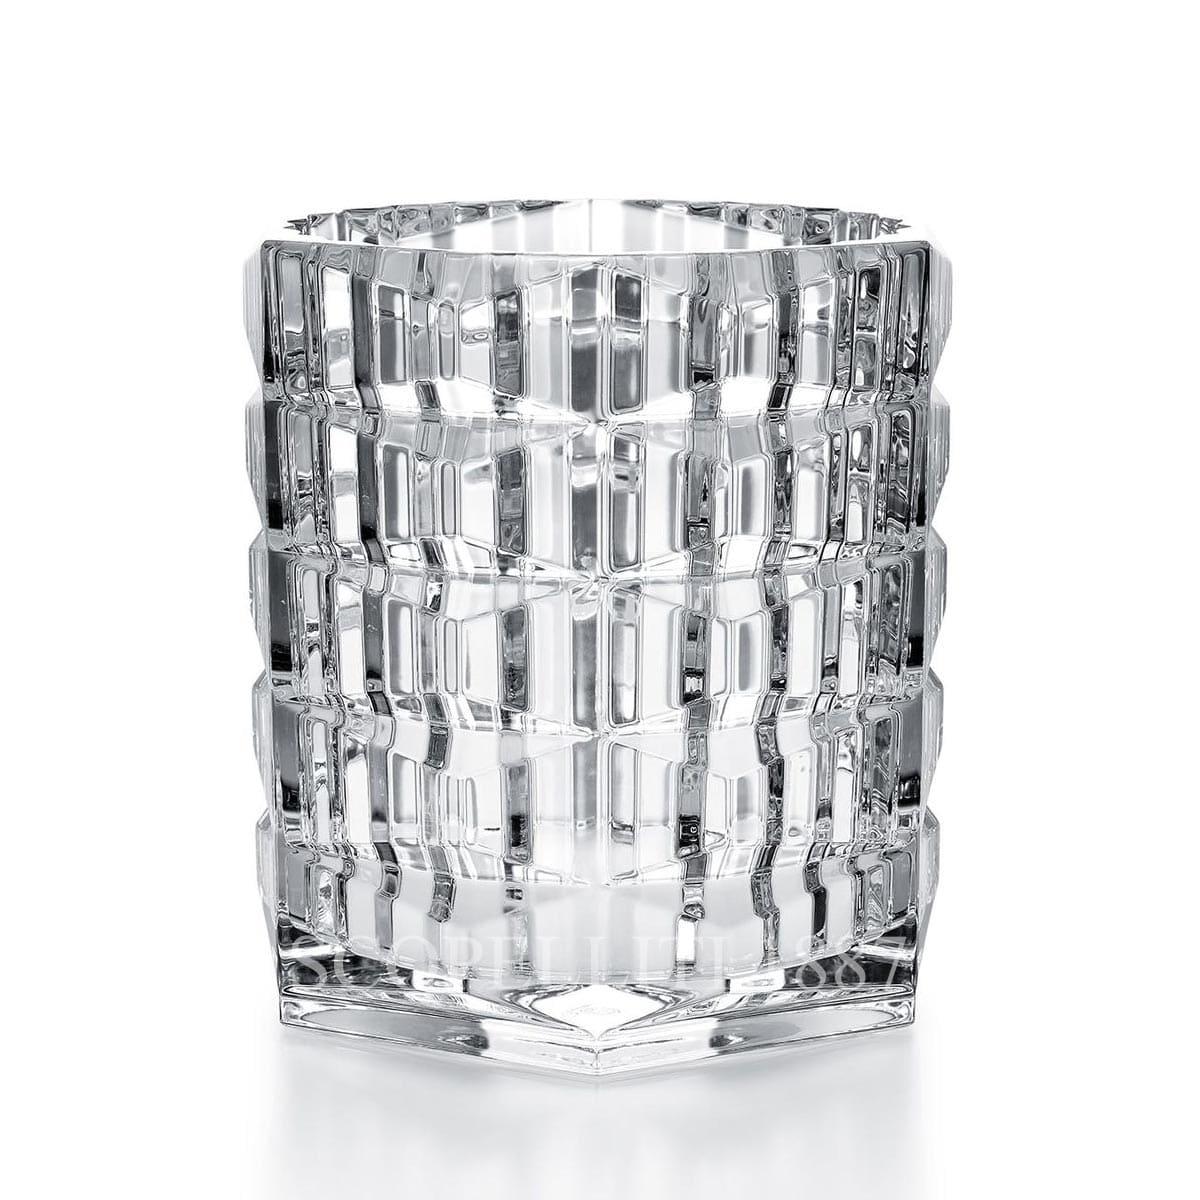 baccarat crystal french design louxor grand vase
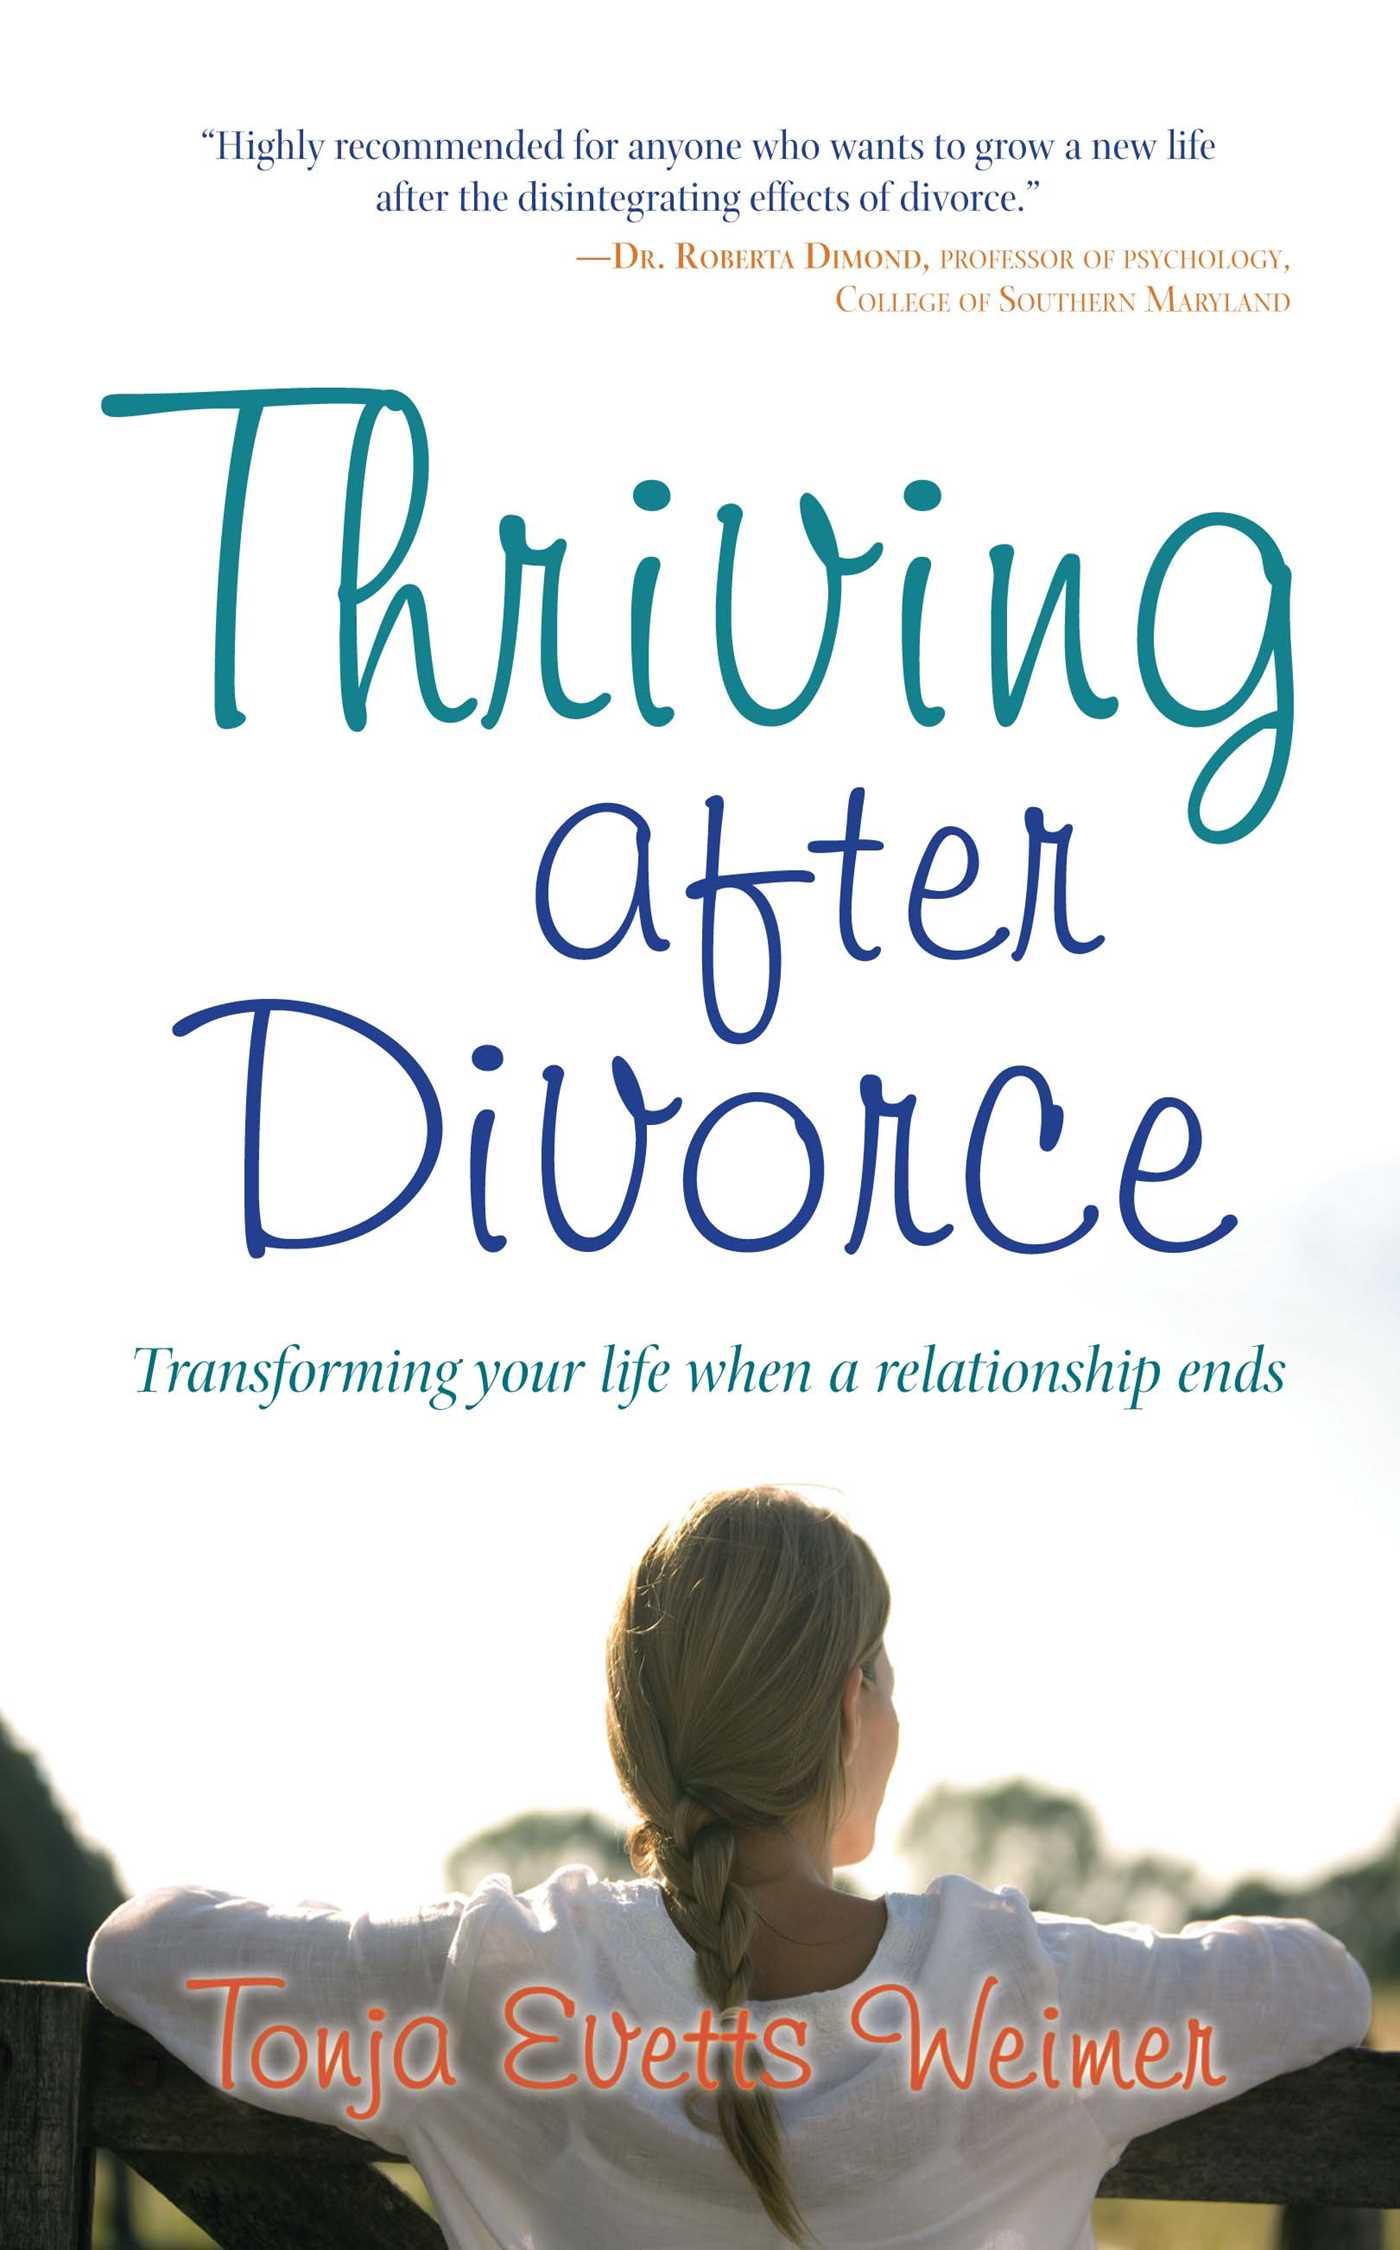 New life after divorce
======
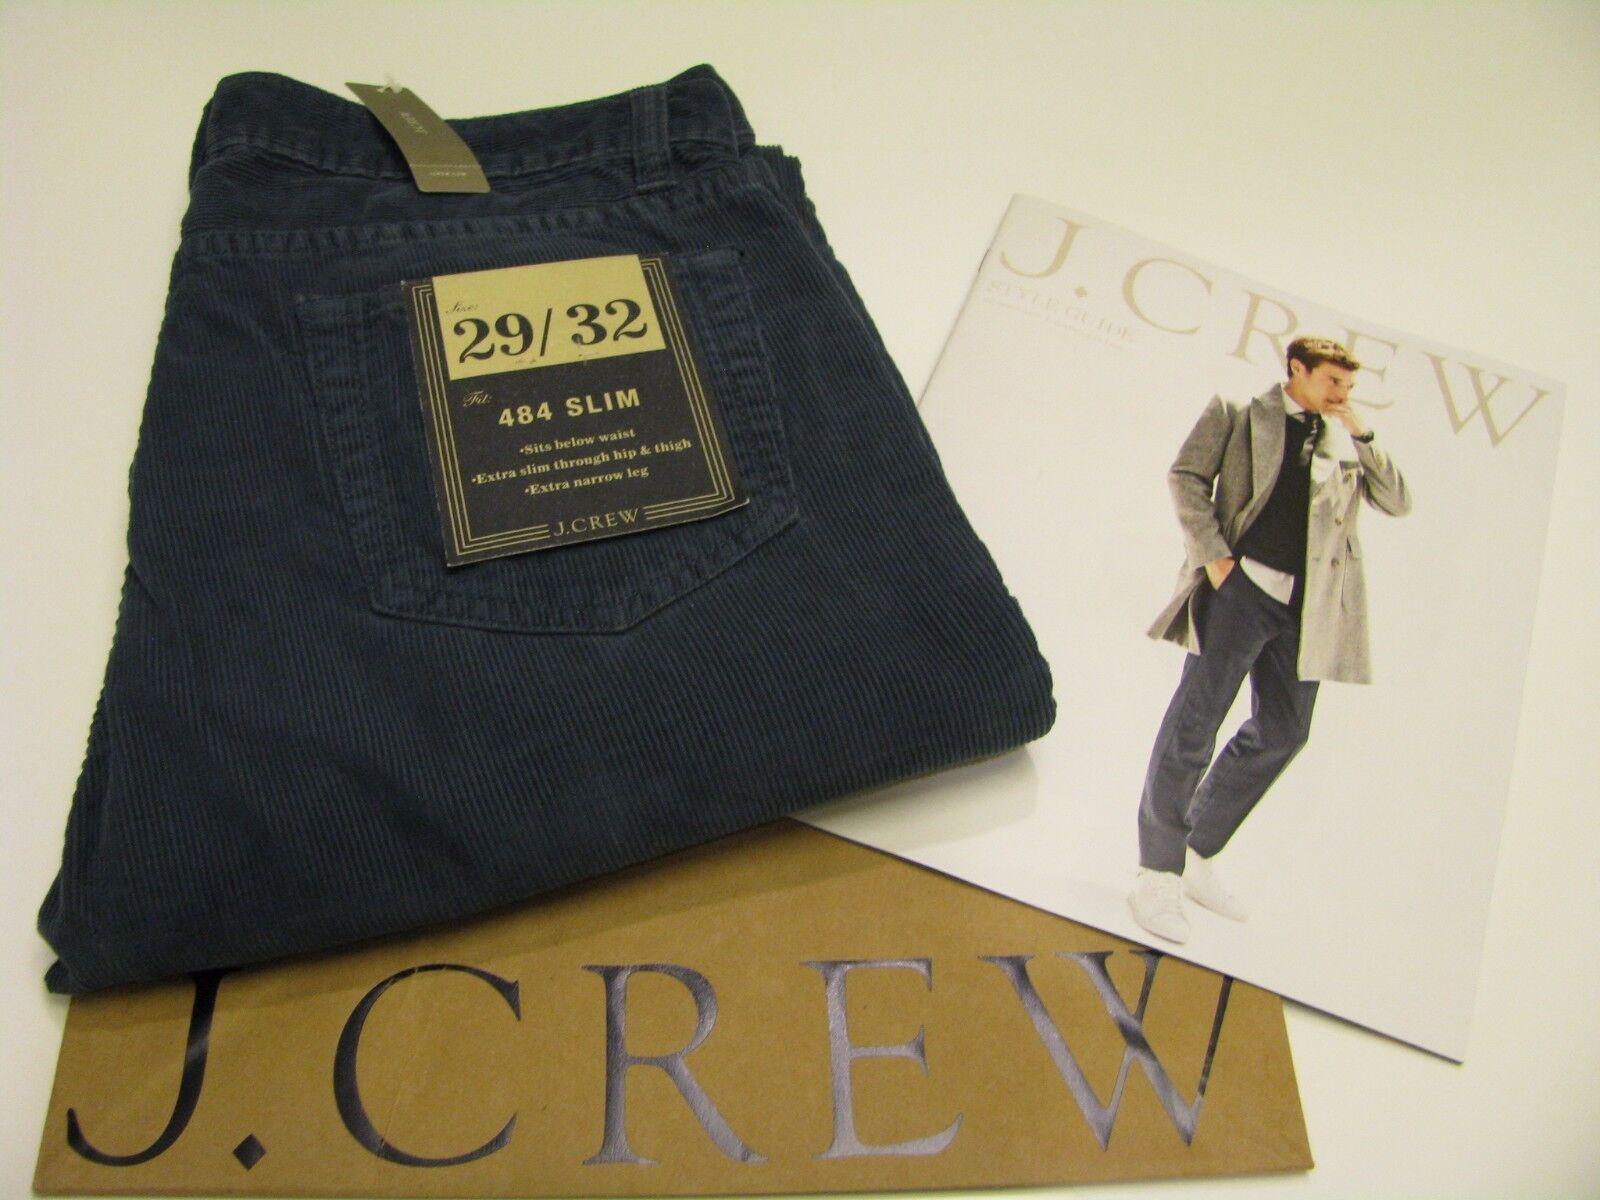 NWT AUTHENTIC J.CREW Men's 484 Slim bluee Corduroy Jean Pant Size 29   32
======
--- Assigned task ---
Although the records above contain pictures, the copy should not; retype exactly the lines from the one containing "baccarat crystal french" through the one containing "New life after divorce".

--- Exercise response ---
 baccarat crystal french design louxor grand vase
 New life after divorce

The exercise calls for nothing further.